‘And I saw a great white throne, and him that sat upon it, from whose face the earth and the heaven fled away; and there was found no place for them. And I saw the dead, the great and the small, standing before the throne; and the books were opened: and another book was opened, which is the book of life: and the dead were judged out of the things which were written in the books, according to their works. And the sea gave up the dead that were in it; and death and Hades gave up the dead that were in them: and they were judged every man according to their works. And death and Hades were cast into the lake of fire. This is the second death, even the lake of fire. And if any was not found written in the book of life, he was cast into the lake of fire’ (Rev 20:11-15).
In this future scene John prophesies what is to happen following the millennium. He sees the time when the millennium will have ended, and Satan will have been released for a little time. He will have led an unprecedented warfare against the Christian church, only to have been defeated by the glorious appearing of the Christ. Then John sees that a general judgment follows.
That verses 11-15 depict a general resurrection followed by a general judgment seems so self-evident as not to require a discussion. Suffice it to say that in these verses we find: (1) all the dead are to be present at this judgment, the great and the small; (2) two different kinds of books will be used, the book of life containing the names of the saints, and the books containing the works of the unsaved; (3) a separation will take place, determined by the book of life (cf. Matt 25:46 and John 5:29 with this section); and (4) death will be conquered at that time: And death and Hades were cast into the lake of fire. Paul says elsewhere that the last enemy to be destroyed is death, and he definitely fixes that as the same time that Christians are to be resurrected and rewarded (1 Cor 15:26,51-55).
It would be difficult to find a more exact description of a genera] judgment than that recorded in Revelation 20:11-15. We know from other scriptures that the resurrection will precede the judgment. And if one is general, both are general. To base a doctrine of two bodily resurrections upon a chapter containing this vivid picture of one general resurrection is a poor searching of the Scriptures. While dogmatism is unwarranted in any part of Revelation 20, verses 11-15 lend themselves more readily to dogmatism than do verses 4-6.
As we close this section, a definition of terms would seem to be in order. As one studies the charts which dispensationalists use so profusely, one will notice that they often depict a ‘first’ physical resurrection followed one thousand and seven years later by the ‘general resurrection.’ This is a contradiction of terms. For the general resurrection has traditionally referred to a resurrection of all the dead of all time. If, as the premillennialists teach, all Christians are raised separately from the unsaved – then a second resurrection could not be properly called a general resurrection.

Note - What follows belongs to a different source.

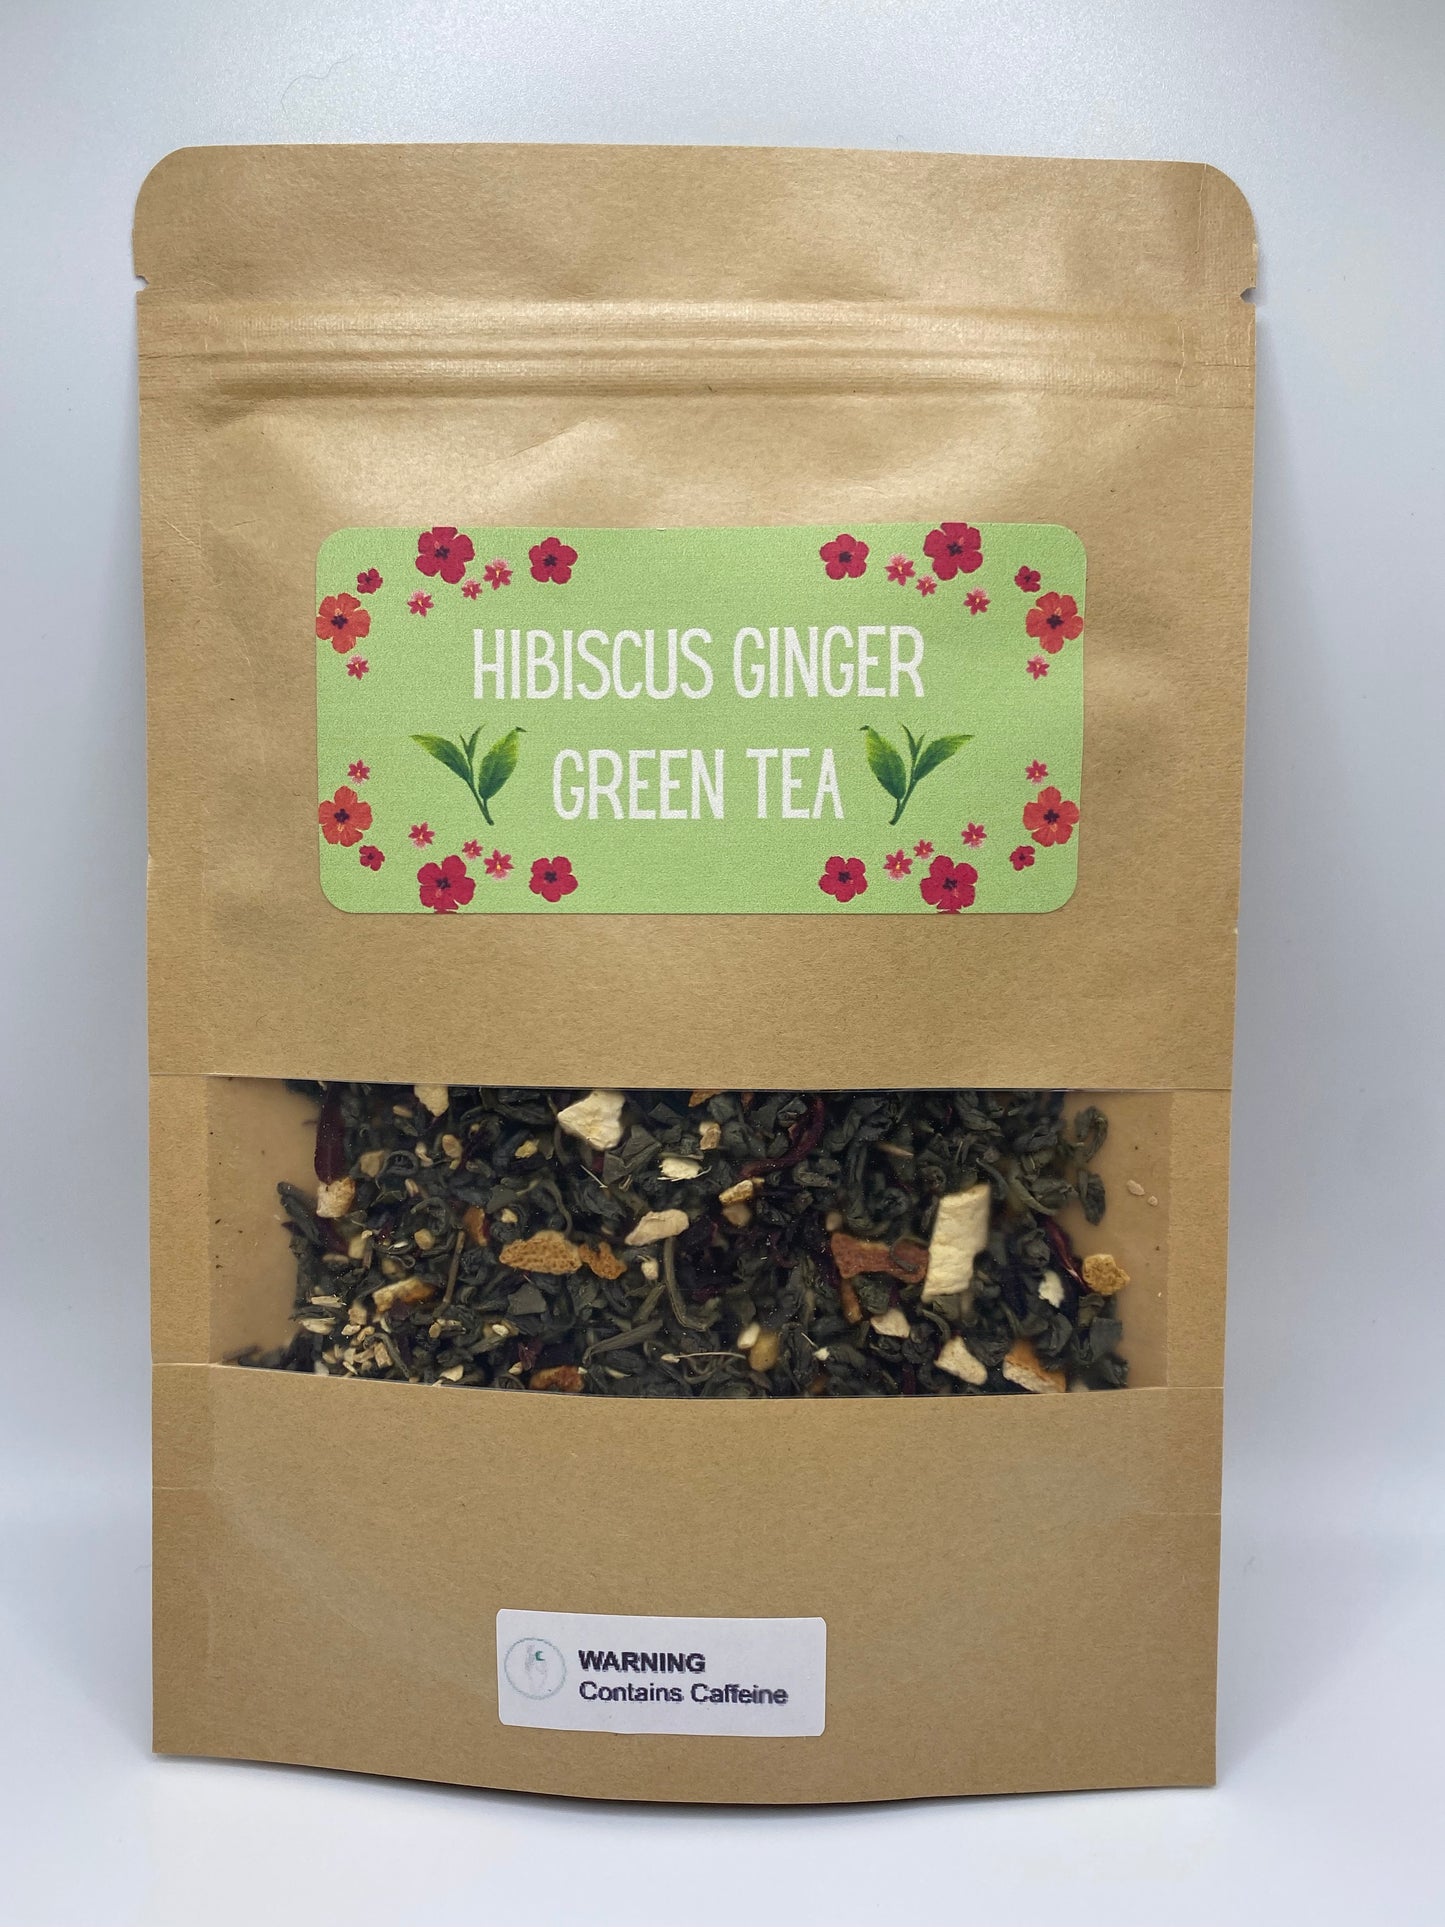 Hibiscus Ginger Green Tea

What the premillennialists actually have are two partial resurrections. In terming the latter of these a general resurrection they are attempting to stay within the framework of historic Christian teaching while at the same time inserting doctrines which disagree radically with the historic teachings of the New Testament, church fathers, Protestant reformers, and commentaries. This is another of those places where the chiliast cannot have his theological cake and eat it. To believe in a general judgment is immediately to cease being a chiliast in the true sense of the word.